Getting a doe who is milking well and nursing kids back into condition during lactation is not going to happen without the possiblity of founder/acidosis or bloat problems. Make sure her water is super clean, her alfala feeders also, her hay feeders and if you are going to try to increase grain do no more than about a handful a week increase.

A fecal sample to the vet can be a very well spent $15 if they can identify worms or use a chambered slide to give you a count of eggs. Vicki


----------



## auntdinana (Feb 28, 2010)

Ummm - I don't think you meant that as it came across but for the sake of argument...

I can understand that you would think it gross to have the chickens in with the goats but I fail to see how it is any different than the goats grazing and drinking where they poop themselves and ingesting worms from each other. I mean no disrespect, but by your reasoning, anyone who keeps more than one dairy goat in the same place is putting their animals at a very large risk and is, therefore, gross. In a perfect world we would all have huge farms where our animals could run free and never graze the same place twice. As an urban farmer on a 1/2 acre, I've got to work with what I've got...
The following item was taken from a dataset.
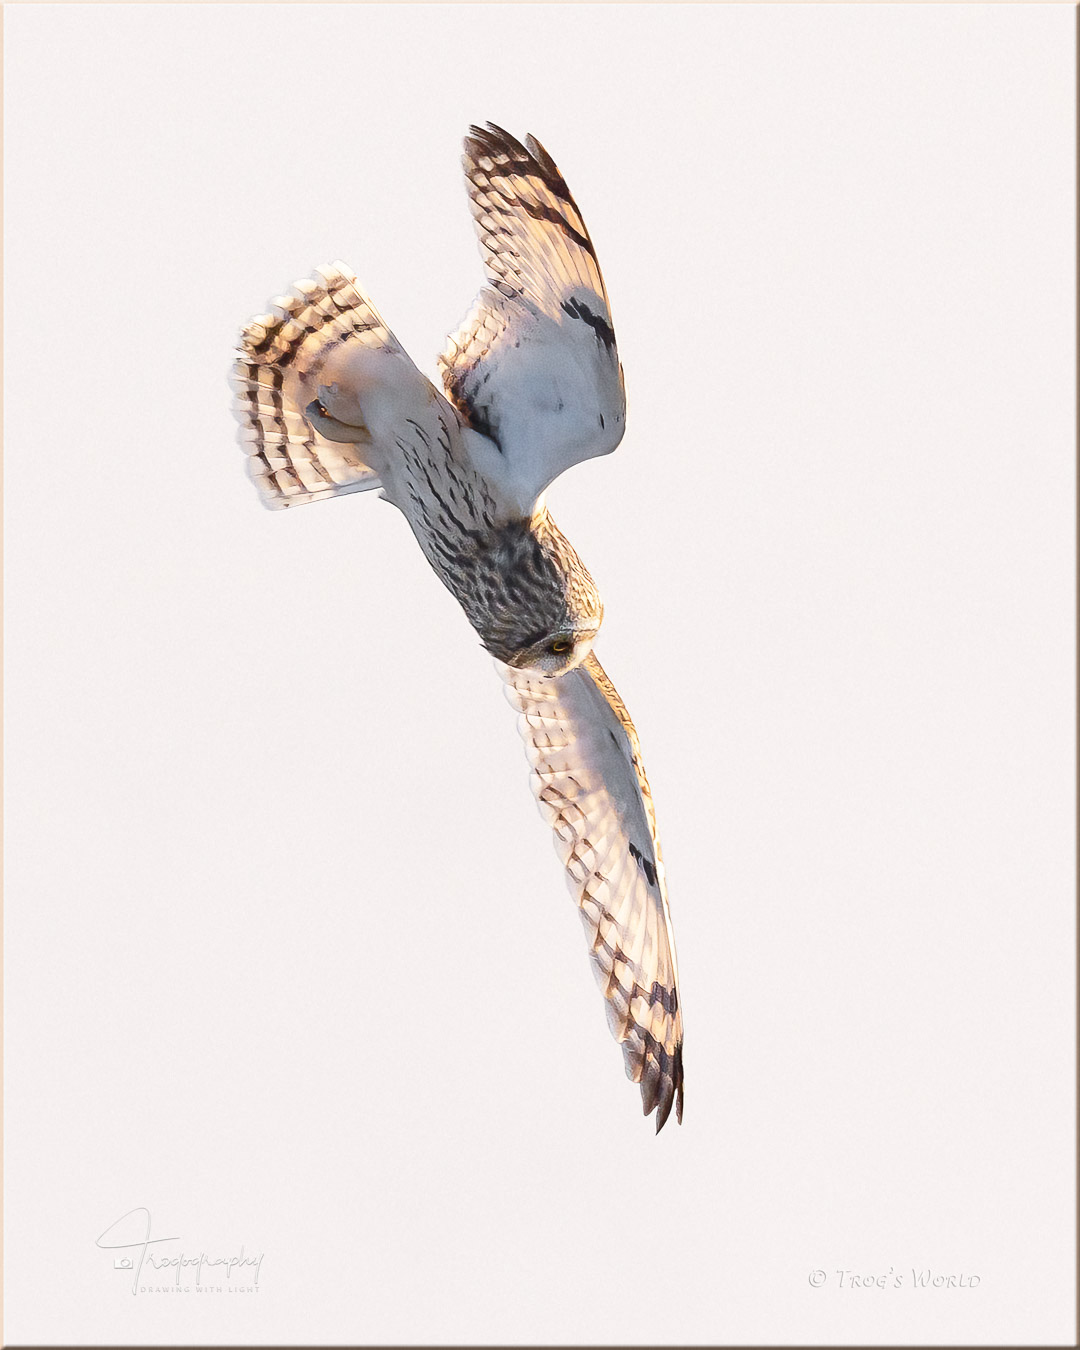 Short-eared Owl dives for a vole

Thanks for the suggestion of contacting Daniel. He's sent some great information. I will send in a fecal sample and see what comes back. 


Diana


----------



## NubianSoaps.com (Oct 26, 2007)

Hopefully your water buckets or troughs are taller than a goat can poop into. Chickens are notorious for roosting in the hay, pooping in the hay, and as they scratch through the goat barn, connected to their feet are the very parasites you are trying to keep out of the goats hay by having hayfeeders that goats can't stand or poop into. Walking through the goat minerals or goat feeders (here they contain alfalfa pellets for the girls to eat) would mean waste since the goats surely won't eat them if a chicken with poop feet has walked through them.

All of the above can be the reason your doe is thin, goats are very picky eaters and her not eating could simply because the goats are fowling her water and hay? 

When asking questions on an open forum we can only take the post you have written, asses the situation and post our experiences. Thin milkers living with hens, yes could be any of what I wrote above in the first post, but it also likely is a doe who simply won't eat after hens have been in her hay or food...just worth what it is, an opinion and why I don't have free range hens anymore on the farm. Vicki


----------



## adillenal (Feb 6, 2009)

Well, if the chickens would stay on the ground I guess I could live with it BUT I only had one hen and she was up in the goat feed trough, perched on top of their roll of hay, etc. I guess I really wasn't too concerned when she vanished one night and all that was left was a bunch of feathers. 
I personally don't want chickens running free where I feed and water my animals. I have a separate chicken yard and henhouse but have no chickens at this time.


----------



## BrokenHalterFarm (Feb 16, 2010)

As someone who's currently keeping chickens and goats together I HAVE to agree with Vicki , my two does are at a less then ideal weight and i've thought for awhile that it was the living together situation. Now I have little choice ,if I want the babies safe they need to be in the dog yard , in the dog yard is where my banty flock lives. They are there as bug/tick control. With 6 dogs it's easy to miss a tick on a dog. The does arent skinny but they have lost weight and im fairly certain it's not because of the babies drawing them down.
Free choice alfalfa hay , goat feed , plus whatever scraps are thrown out..


----------